PX4125: Instrumentation for Astronomy
| School | Cardiff School of Physics & Astronomy |
| Department Code | PHYSX |
| Module Code | PX4125 |
| External Subject Code | 100425 |
| Number of Credits | 10 |
| Level | L7 |
| Language of Delivery | English |
| Module Leader | PROFESSOR Carole Tucker |
| Semester | Autumn Semester |
| Academic Year | 2015/6 |
Outline Description of Module
To introduce students to the use of spectroscopic, photometric and interferometric instruments for astronomy.
To establish a good understanding of the principles of optical design and the technical challenges of detection across the EM spectrum.
To provide an appreciation the practical aspects of designing and operating modern astronomical instruments.
To develop research skills, computing skills and the foster the ability to work independently.
On completion of the module a student should be able to
Demonstrate an understanding of the current frontiers of astronomy and the technological challenges associated with them.
Demonstrate an understanding of the principles of detection and the fundamental limits of technologies used.
Show knowledge of the principles involved in end-to-end modelling of optical instruments.
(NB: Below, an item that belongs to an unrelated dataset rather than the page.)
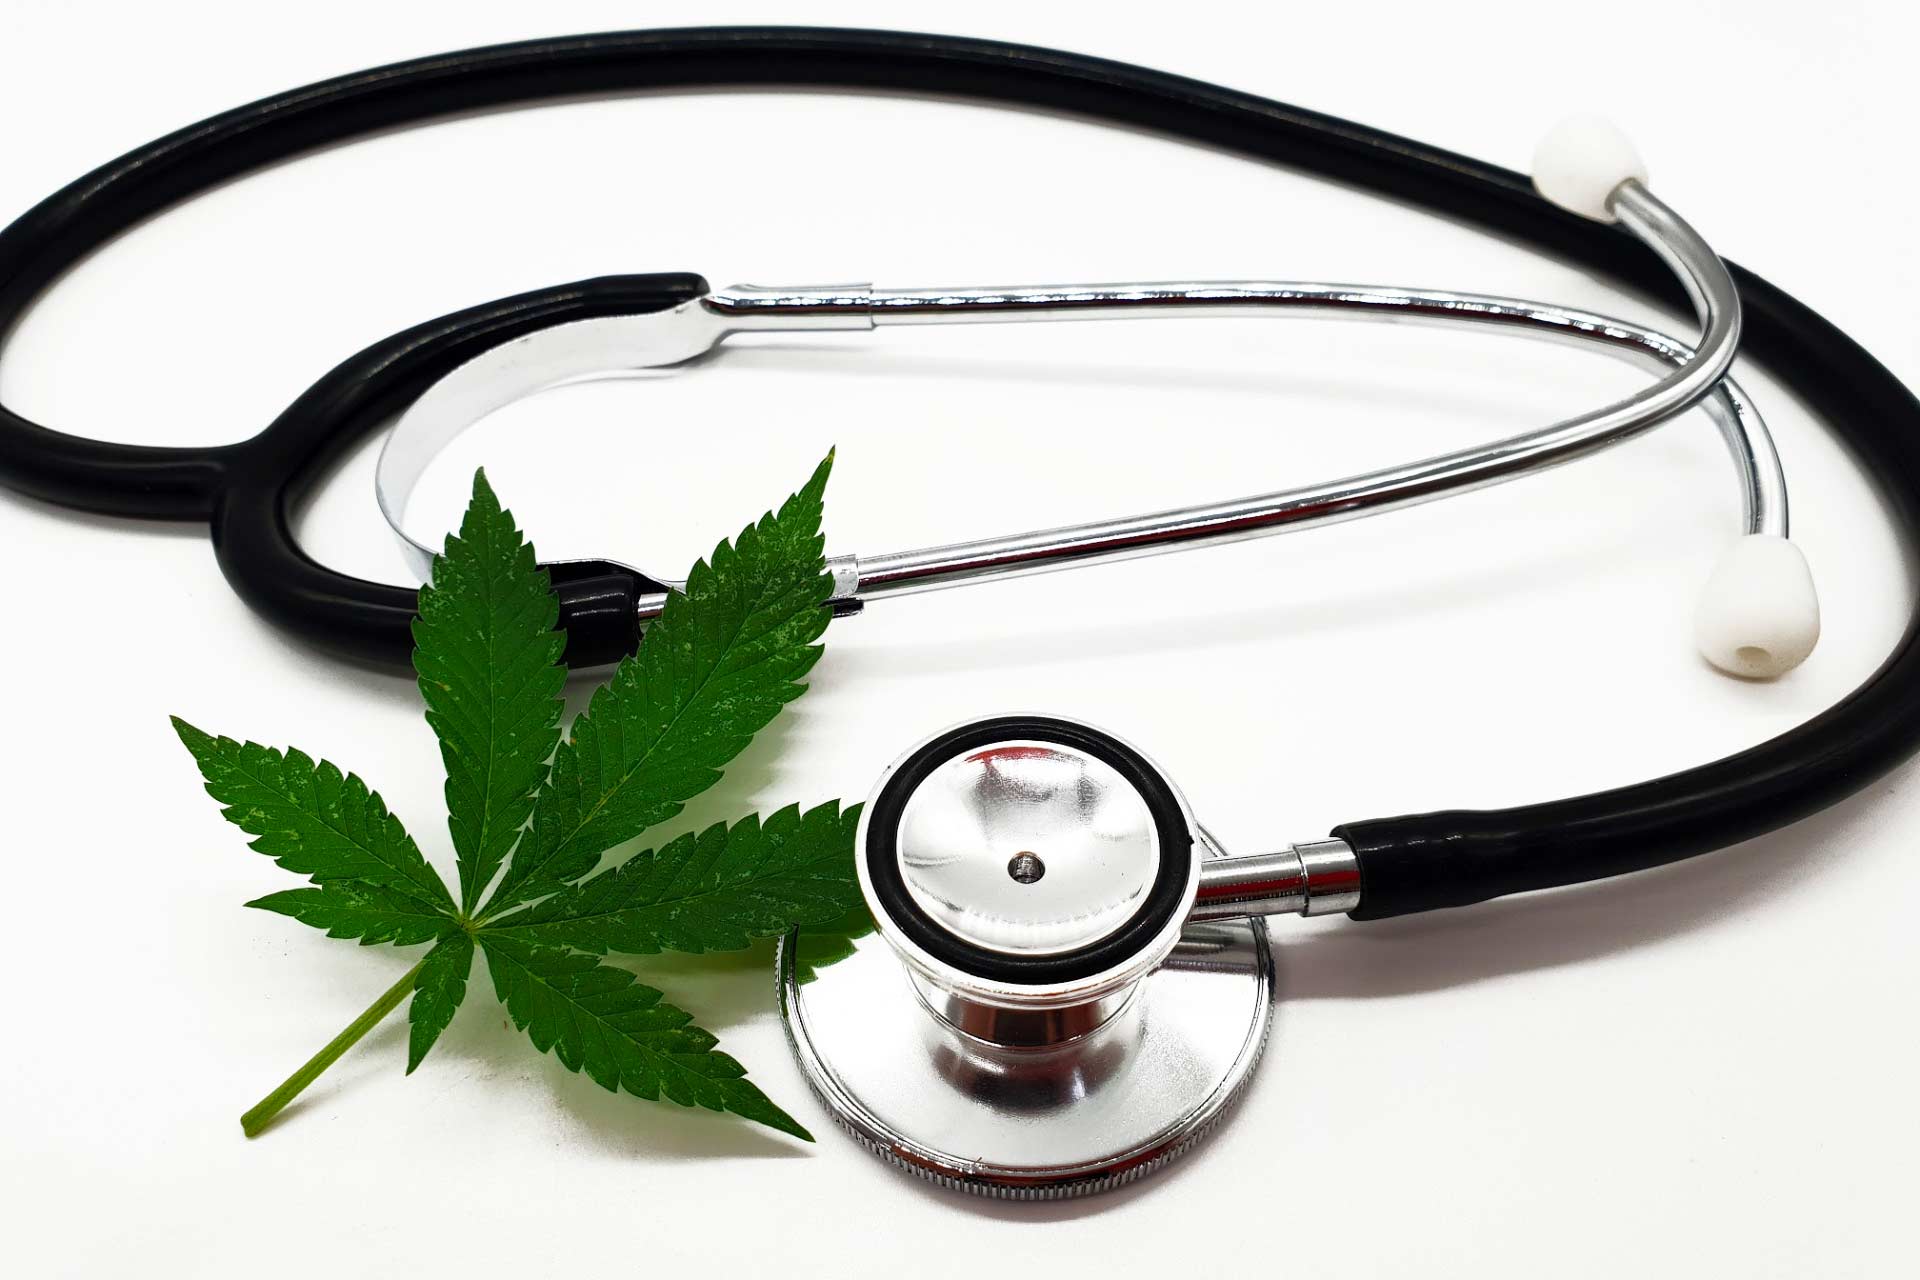 Stethoscope with cannabis leaf, showing connection between health and access to safe legal cannabis.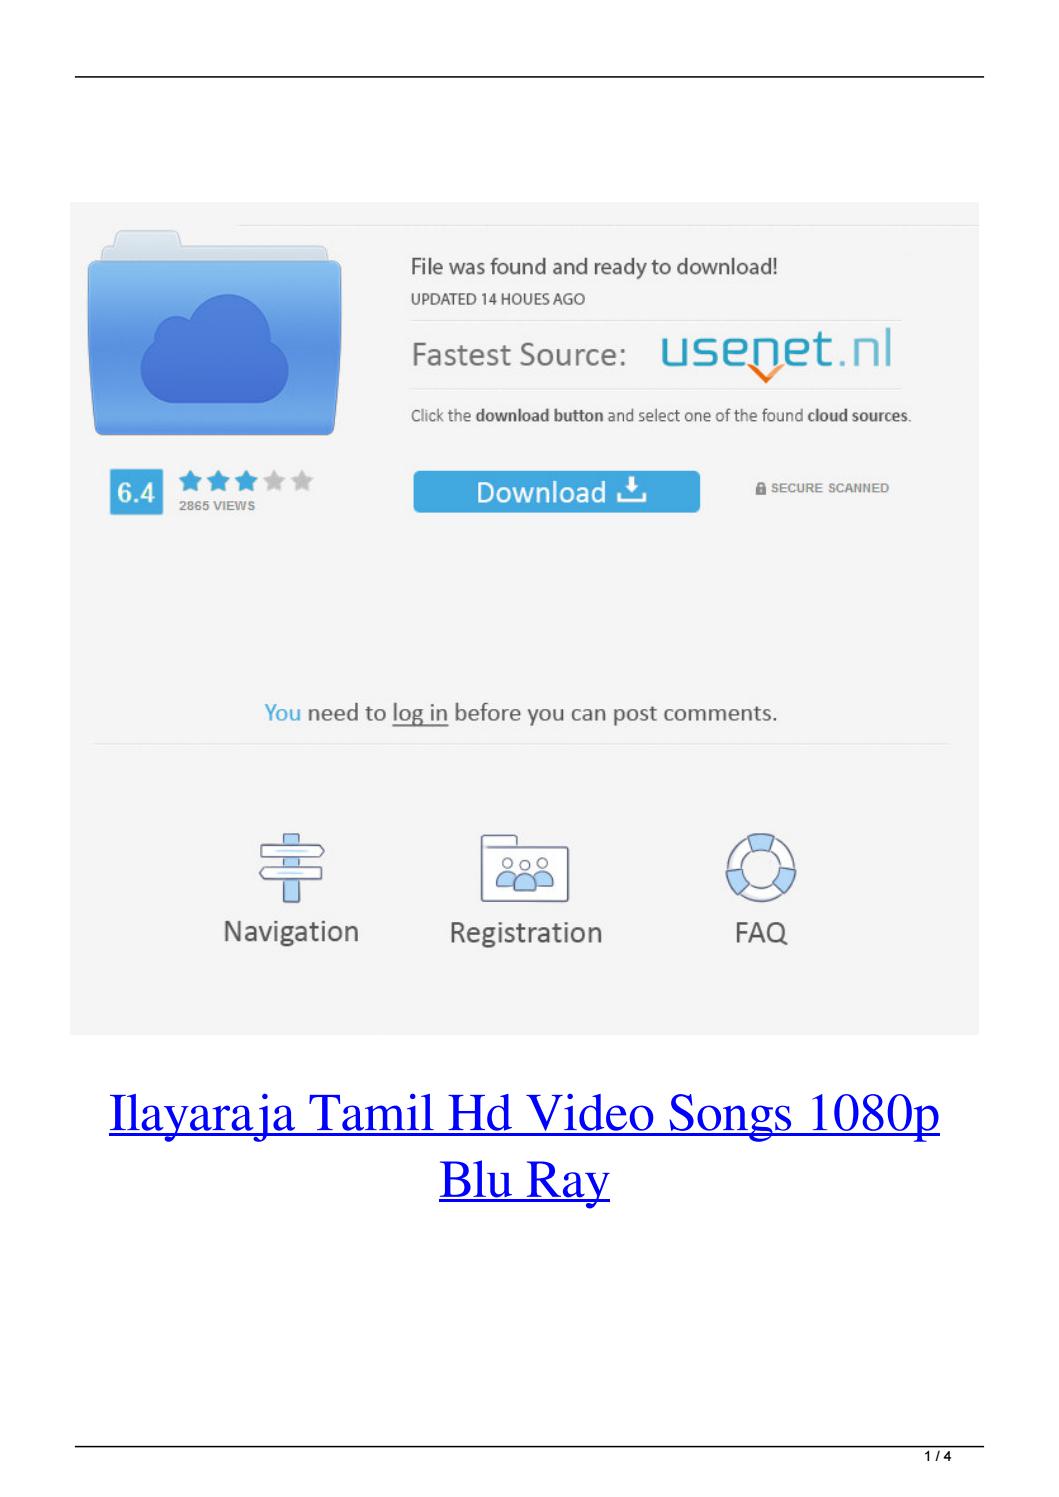 ilayaraja melody mp3 song in compressed file

How the module will be delivered
Lectures 22 x 1 hr, Exercises 11 x 1 hr.
Skills that will be practised and developed
Problem solving. Analytical skills. Investigative skills. Modelling skills. Communication Skills.
How the module will be assessed
Examination and Continuous assessment
Assessment Breakdown
| Type | % | Title | Duration(hrs) |
|---|---|---|---|
| Exam - Autumn Semester | 50 | Instrumentation For Astronomy | 1 |
| Written Assessment | 50 | Instrumentation For Astronomy | N/A |
Syllabus content
The basics: advances in astronomy and relationship with technology; review of interaction of radiation with matter; review of EM principles and radiation theory; key concepts in measurement.
Photometry or Spectroscopy: physics of particular sources; continuum and line radiation.
Telescopes and Optics: fundamental and practical criteria; geometrical optics (IR-UV); Gaussian optics (radio-FIR); throughput; image quality; Antennae (radio), dish (radio-UV), grazing incidence (X-ray) telescopes; interferometry; review current state of the art research facilities.
Detection: Measurement concepts (linearity, dynamic range, frequency range, speed of observation, etc.); fundamental limits to sensitivity; noise; detection capabilities across EM wavebands.
Spectometry: orbital or sub-orbital observation; Radio devices; FTS or gratings systems; FPs; X & γ-ray instruments.
Interferometry: EM; non EM - GW input here?
Instrument design: Consider 4 real instruments (i.e. case studies of Radio, IR, optical and X-ray instruments); illustrate the basic concepts inherent in the instrument design; understand instrumental limitations are detection choices.
Instrument modelling: modelling a typical source to determine observable signals; development of end-to-end instrument models; use of a dummy source; feedback to instrument design; calibration.
Cataloguing: archiving observations; accessibility and databases.